▸ **About this task**: Repeat every entry word for word, skipping the pictures.

Saved data entries:
--

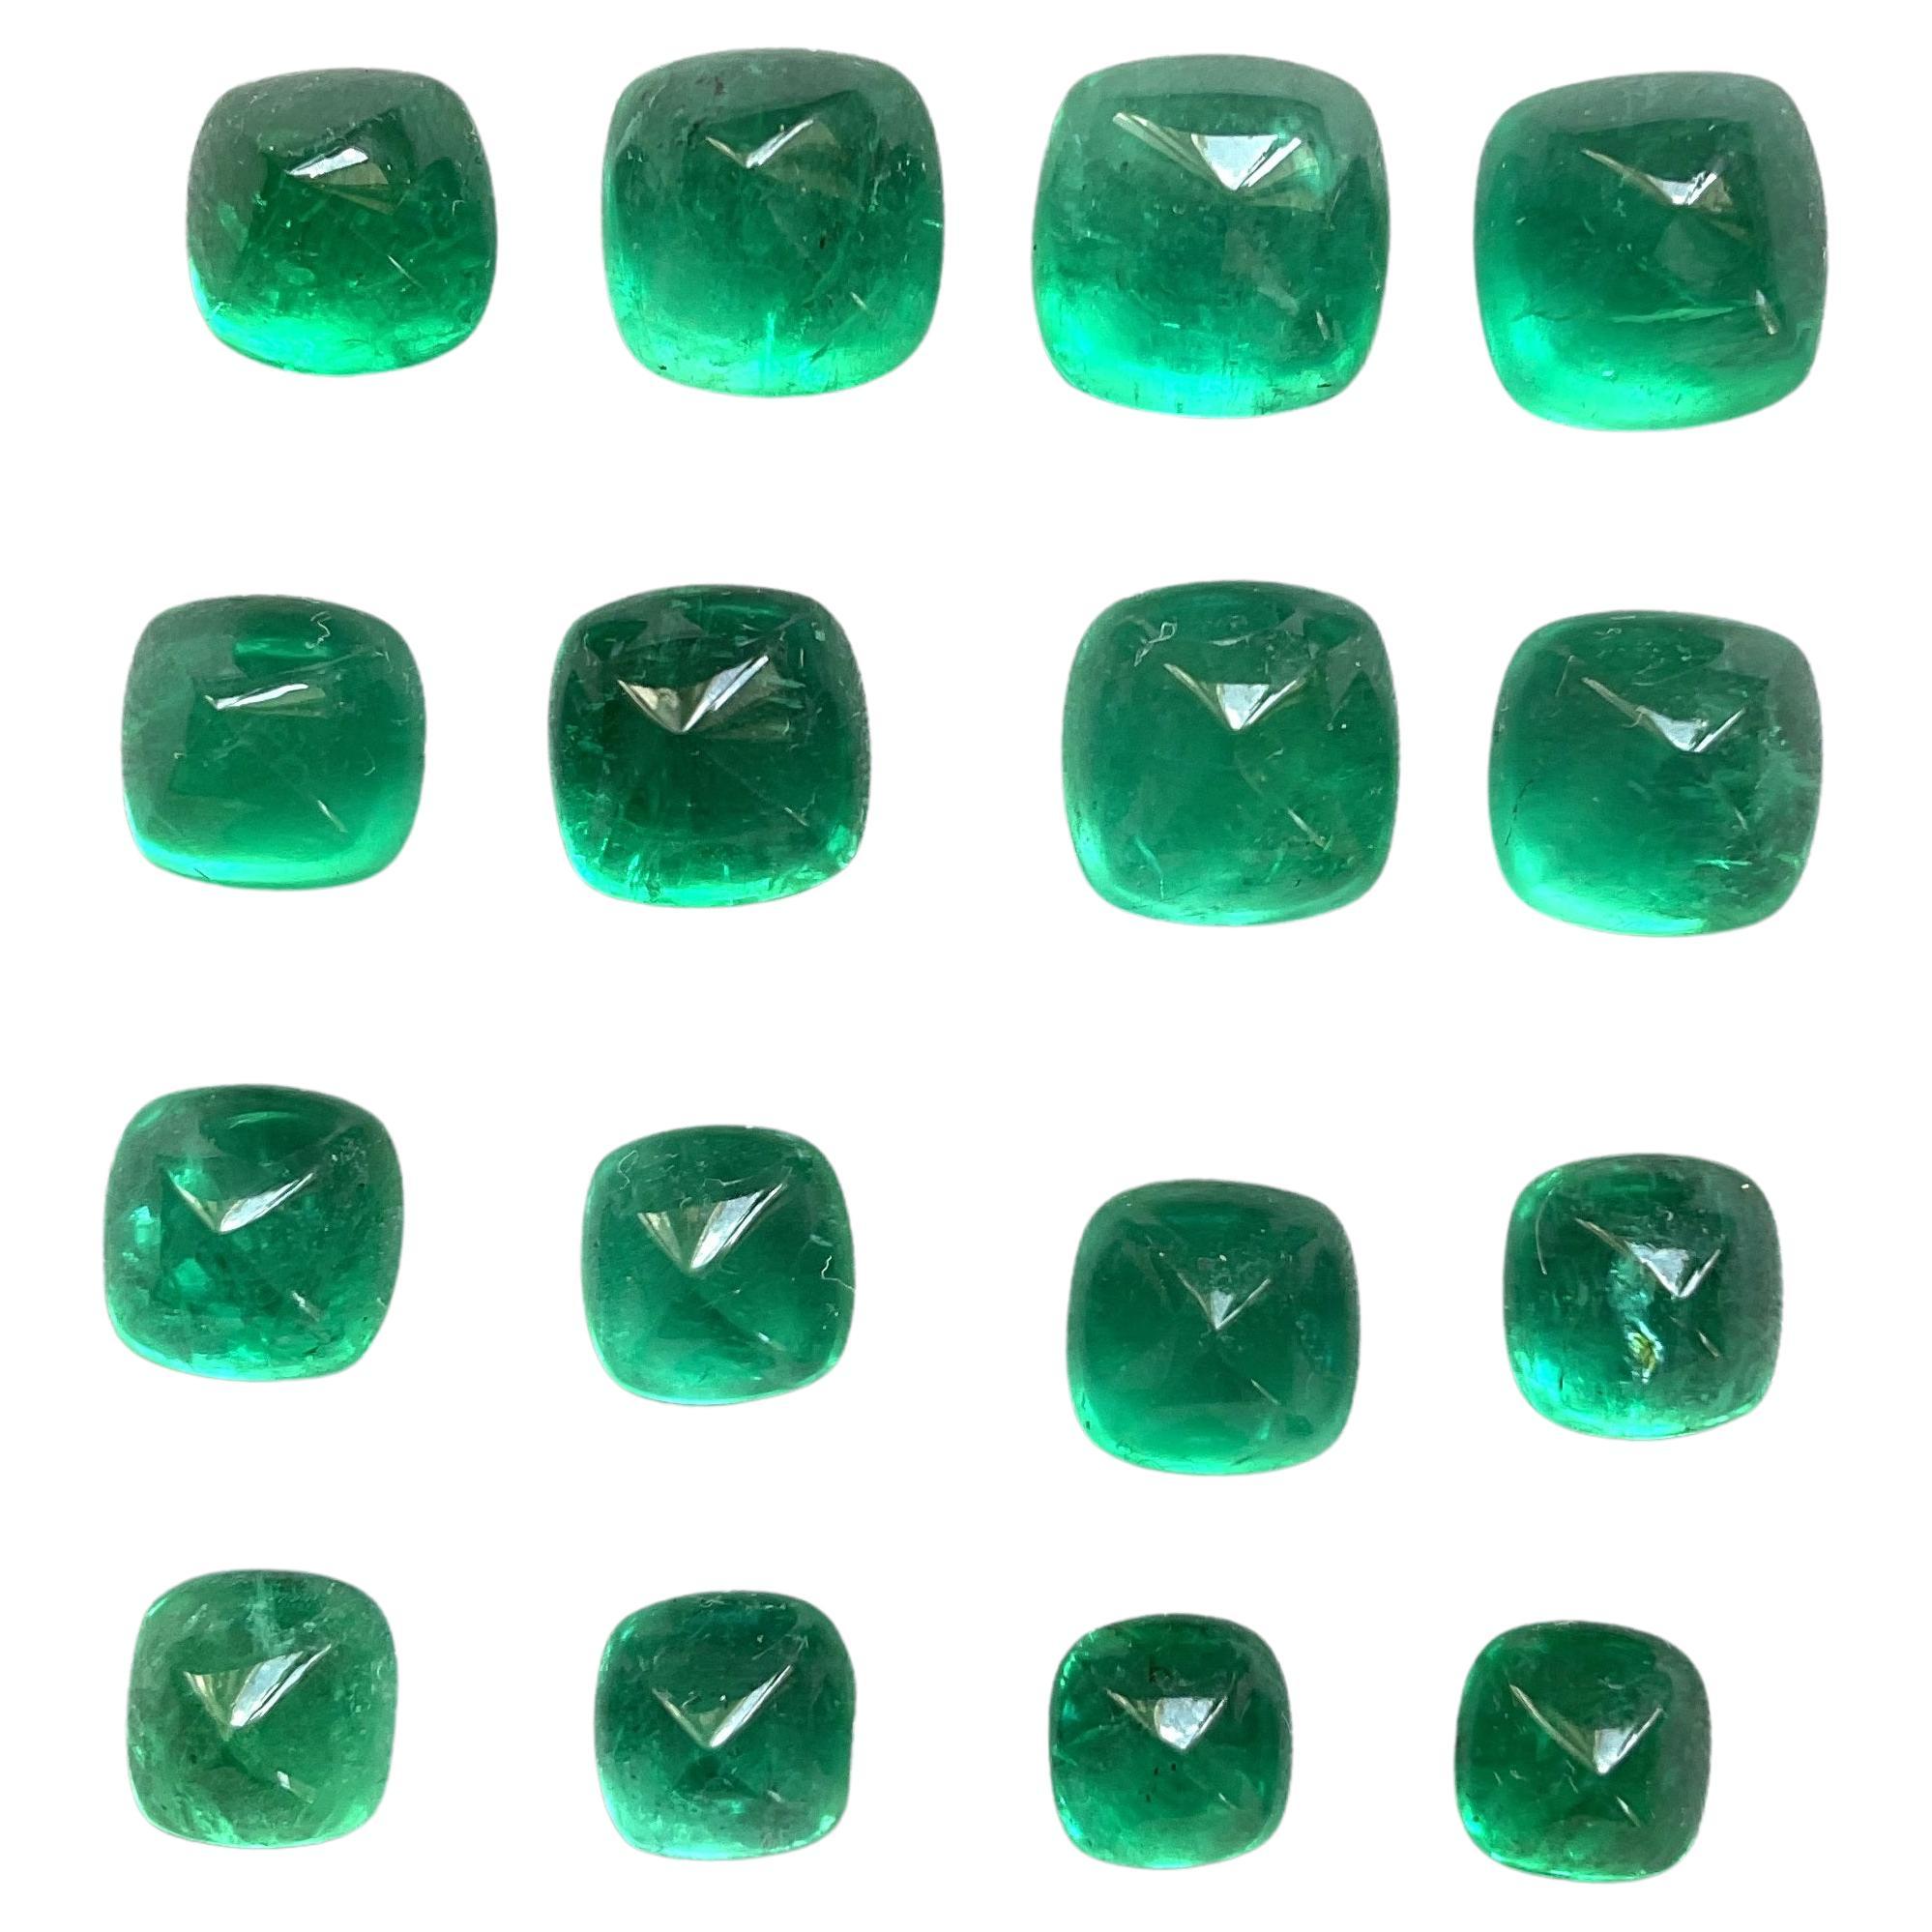 59.30 Carats Zambian Emerald Sugarloaf Cabochon Lot Top Quality Natural Gemstone

Gemstone : Emerald
Weight: 59.30 Carats
Size:  7 To 11 MM
Quantity: 16
Shape: Sugarloaf

--

▸ **Exercise result**:
 59.30 Carats Zambian Emerald Sugarloaf Cabochon Lot Top Quality Natural Gemstone

Gemstone : Emerald
Weight: 59.30 Carats
Size:  7 To 11 MM
Quantity: 16
Shape: Sugarloaf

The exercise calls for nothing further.